Daaraan moest ik denken bij het lezen van de eerste lezing. We hoorden hoe koning Saul zijn dienaar en legeraanvoerder David naar het leven staat: Saul is jaloers op David en ziet hem als een gevaar voor zijn koninklijke machtspositie. Als ze dan met hun strijdmakkers tegenover elkaar komen te staan, komt David in een situatie dat hij koning Saul - die nu zijn vijand is en die ligt te slapen - zou kunnen doden. Maar David - die beslist geen heilige is - doet dat toch niet: Saul is immers ooit door de profeet Samuël tot koning gezalfd: ooit is die beschermende olie over zijn hoofd uitgestort om zichtbaar te maken dat God hem als koning van Israël in bescherming heeft genomen. Ondanks alle vijandschap beseft David dat Saul een door God geheiligd mens is. En hij zegt dat ook heel duidelijk: 'Koning Saul, de Heer had u vandaag aan mij overgeleverd, maar ik heb de hand niet willen slaan aan zijn gezalfde!'
Tegen die achtergrond mogen wij vandaag ook naar het evangelie luisteren, wanneer Jezus zegt: 'Tot u die naar Mij luistert zeg Ik: bemint uw vijanden, doet wel aan die u haten, zegent hen die u vervloeken en bidt voor hen die u mishandelen…' en samengevat: 'Zoals gij wilt dat de mensen u behandelen, moet gij ook hen behandelen.' Nergens staat dat we geen vijanden mogen hebben of dat we geen hekel mogen hebben aan sommige mensen, maar er staat wel dat dit nooit een reden mag zijn om de ander te vernederen of te verpletteren. Brute haat mag niet bestaan in het leven van een Christusdrager. Als mens zijn we immers groter en sterker wanneer we geen kwaad met kwaad vergelden, maar in ons gedrag en in ons spreken laten zien dat uiteindelijk de liefde – dat is dat schijnsel van God in ons hart – ons tot echte mensen maakt.
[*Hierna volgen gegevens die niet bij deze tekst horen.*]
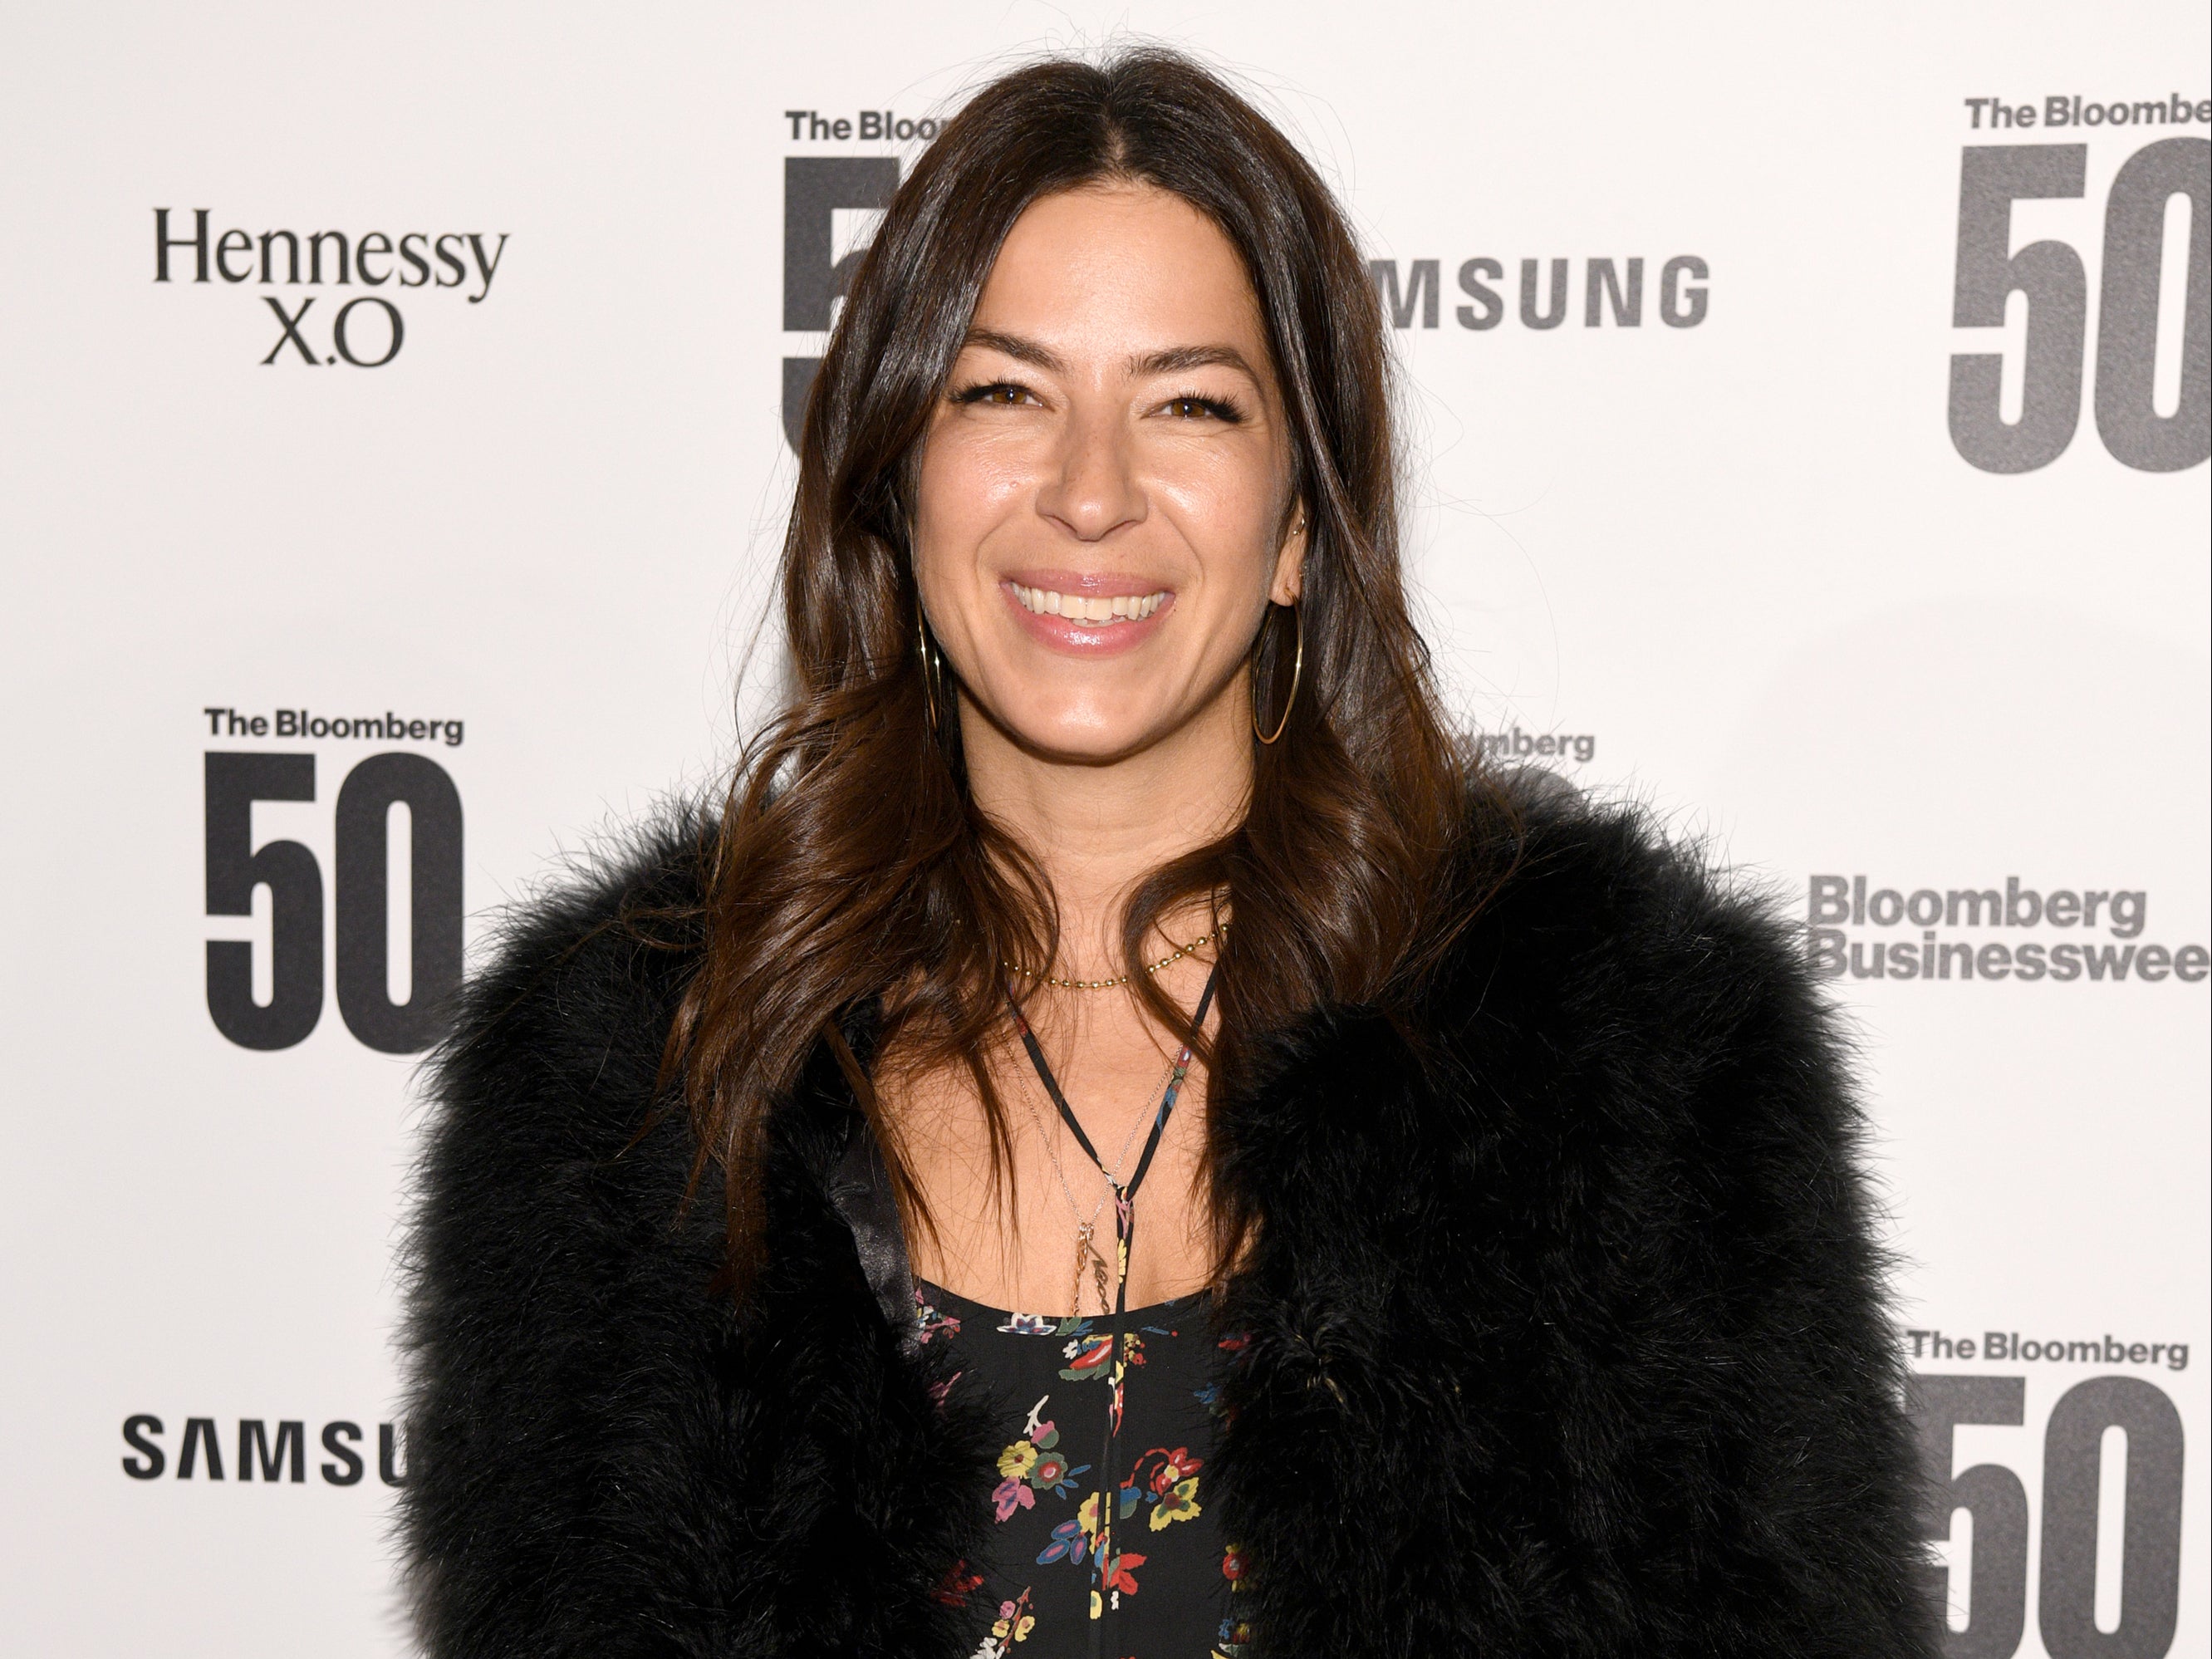 Fashion designer Rebecca Minkoff will act as mentor to the successful candidates

Jezus maakt het ons met zijn uitspraken in zijn veldrede, waaruit we nu een paar zondagen na elkaar aan het lezen zijn, niet altijd even gemakkelijk. Hij vraagt van ons dat we ons niet laten leiden door onze driften, maar door de liefde. Hoe praten wij met elkaar bijvoorbeeld over familieleden of buren met wie wij ruzie hebben, hoe spreken wij met anderen over politici waar wij het totaal mee oneens zijn, hoe spreken wij over het straffen van misdadigers of over de opvang van vluchtelingen, hoe gaan we om met mensen van een andere cultuur?
De sterkste uitspraak in het evangelie van vandaag vind ik: ‘Weest barmhartig zoals uw Vader in de hemel barmhartig is!’
Zowel David in de eerste lezing als Jezus zelf zetten ons vandaag serieus aan het denken. Dat is ook de bedoeling van onze wekelijkse samenkomst als kerkgemeenschap: ons bezinnen in hoeverre wij in ons dagelijks leven nog een beetje op Christus lijken.
De apostel Paulus had het in de tweede lezing over aardse en hemelse mensen. Toch mooi als wij als ‘Christusdragers’ iets van zo’n hemelse mens kunnen uitstralen? En als die afbeelding van Sint-Christoffel aan mijn autosleutels ons daaraan af en toe herinnert, is dat mooi meegenomen, vind ik.
(Inspiratie: o.a. Het Woord delen. Preeksuggesties, aansluitend bij de Zondag vieren, Lezingencyclus jaar C 2021/2022, Berne Media).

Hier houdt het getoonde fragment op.